EXCERPTED RECORDS
----------

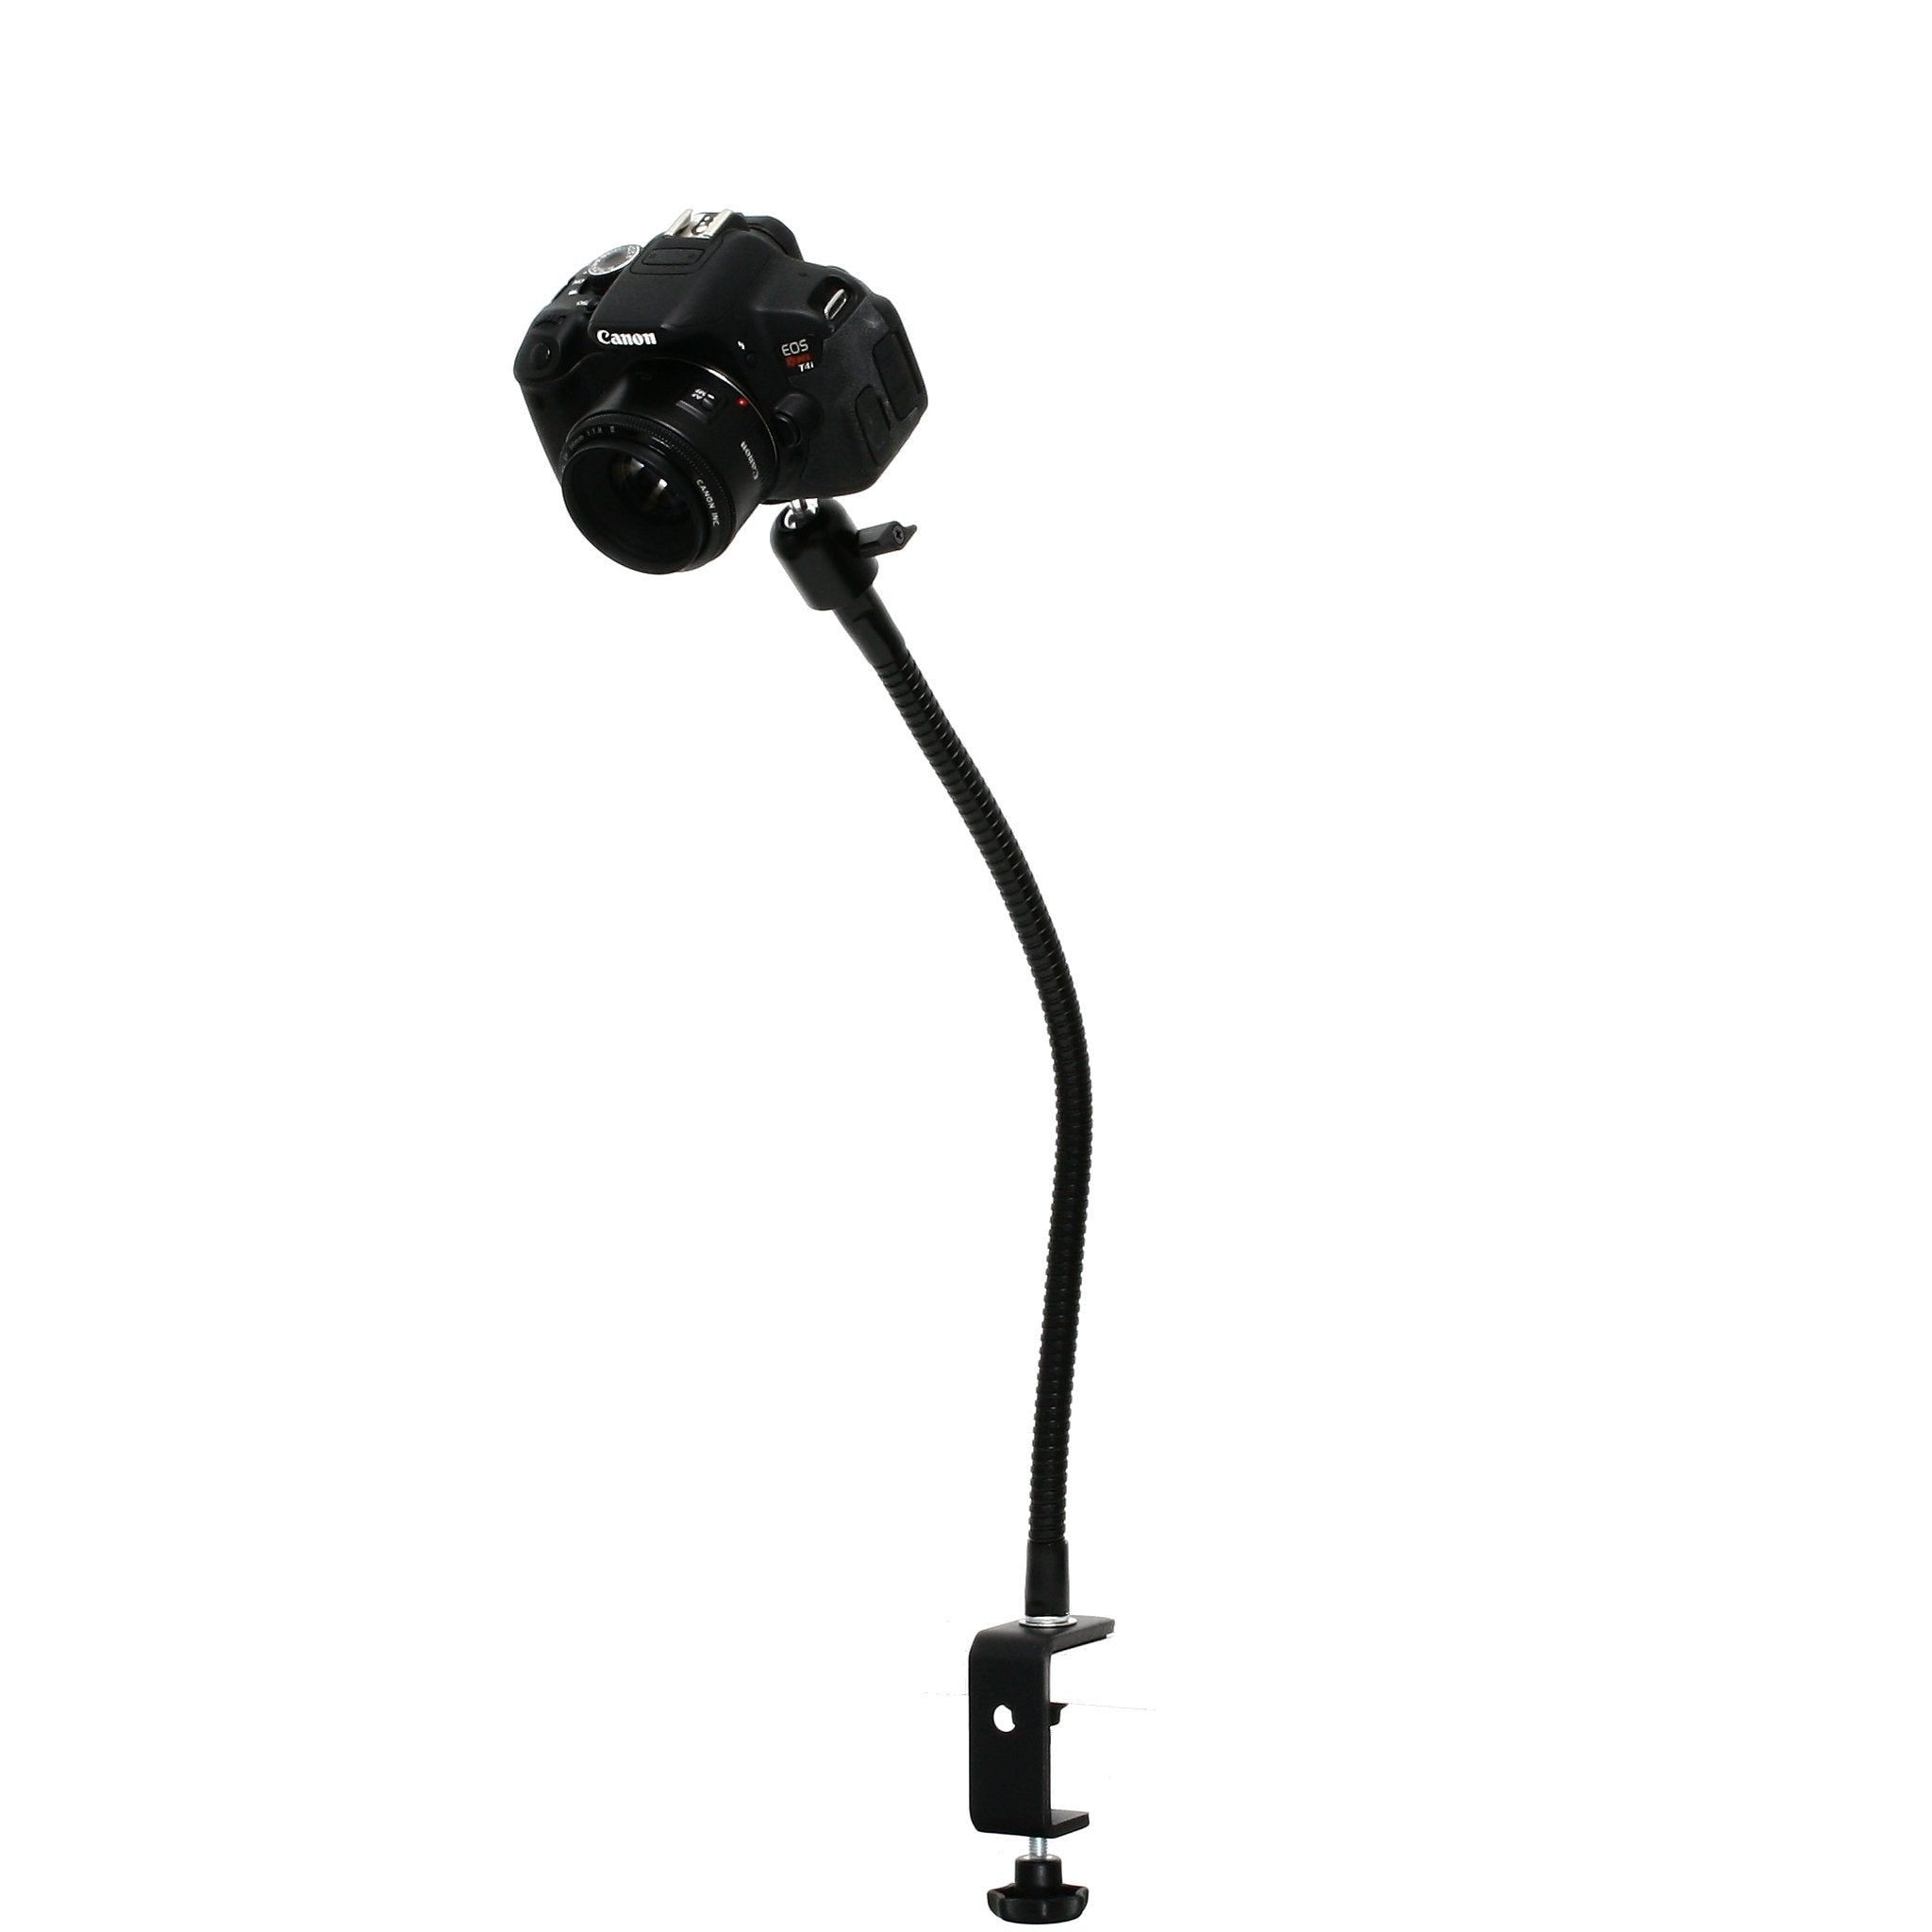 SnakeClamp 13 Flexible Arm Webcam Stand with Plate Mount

----------

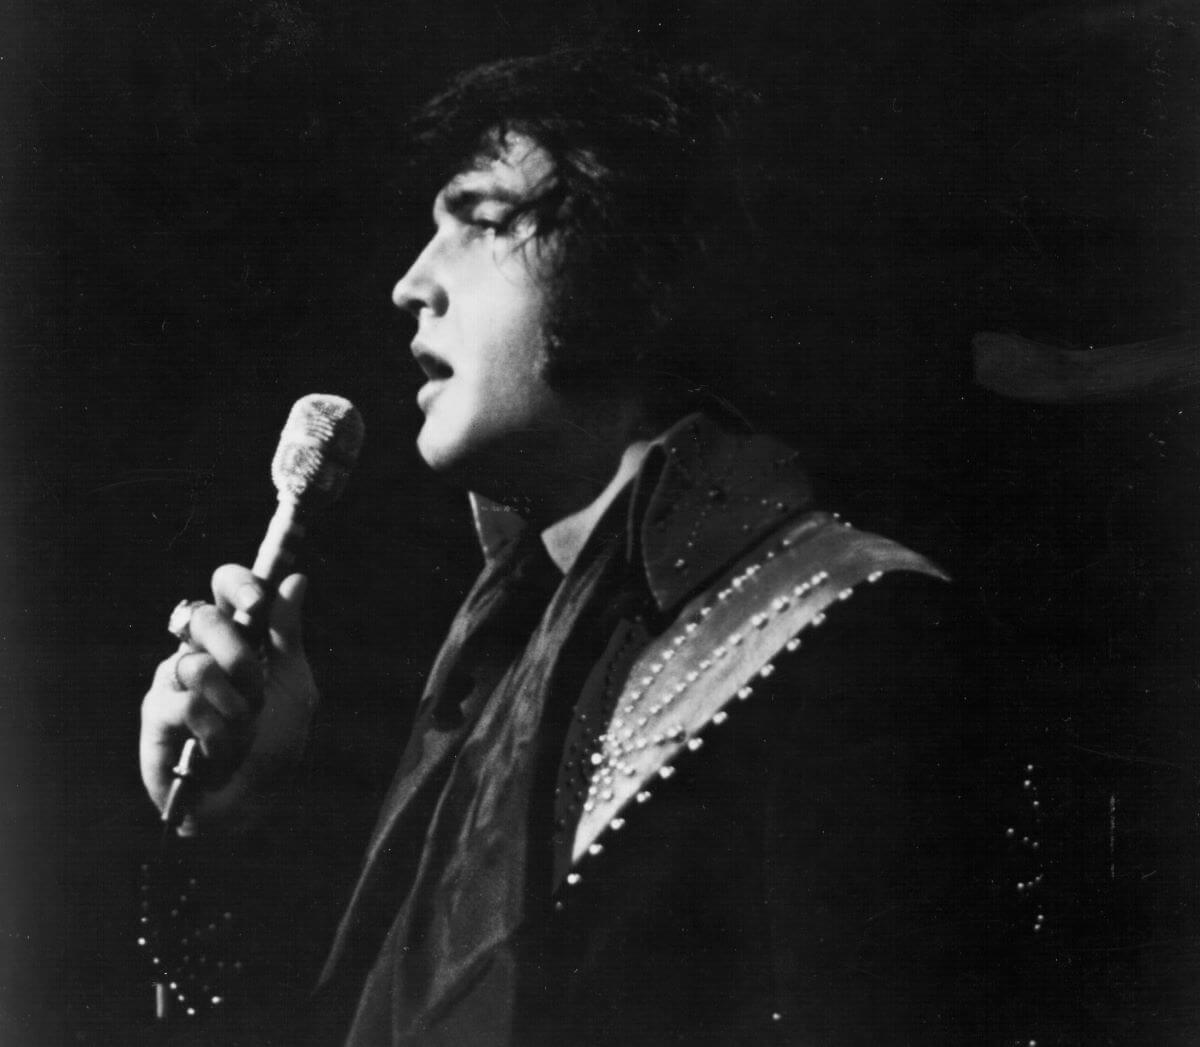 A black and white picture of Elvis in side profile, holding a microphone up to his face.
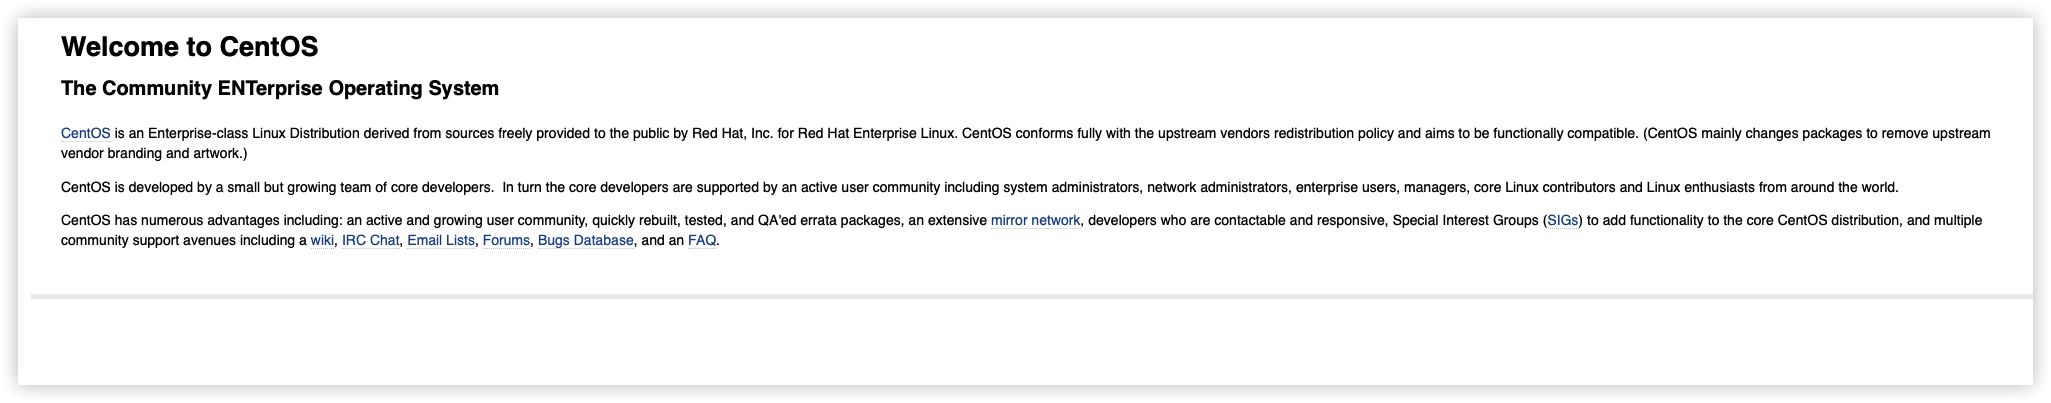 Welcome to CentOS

----------

ASSIGNMENT
With the pictures omitted, restate word for word the lines above from the line that has "A black and" up to and including the line that has "Welcome to CentOS", and no other lines.

YOUR RESPONSE
 A black and white picture of Elvis in side profile, holding a microphone up to his face.
 Welcome to CentOS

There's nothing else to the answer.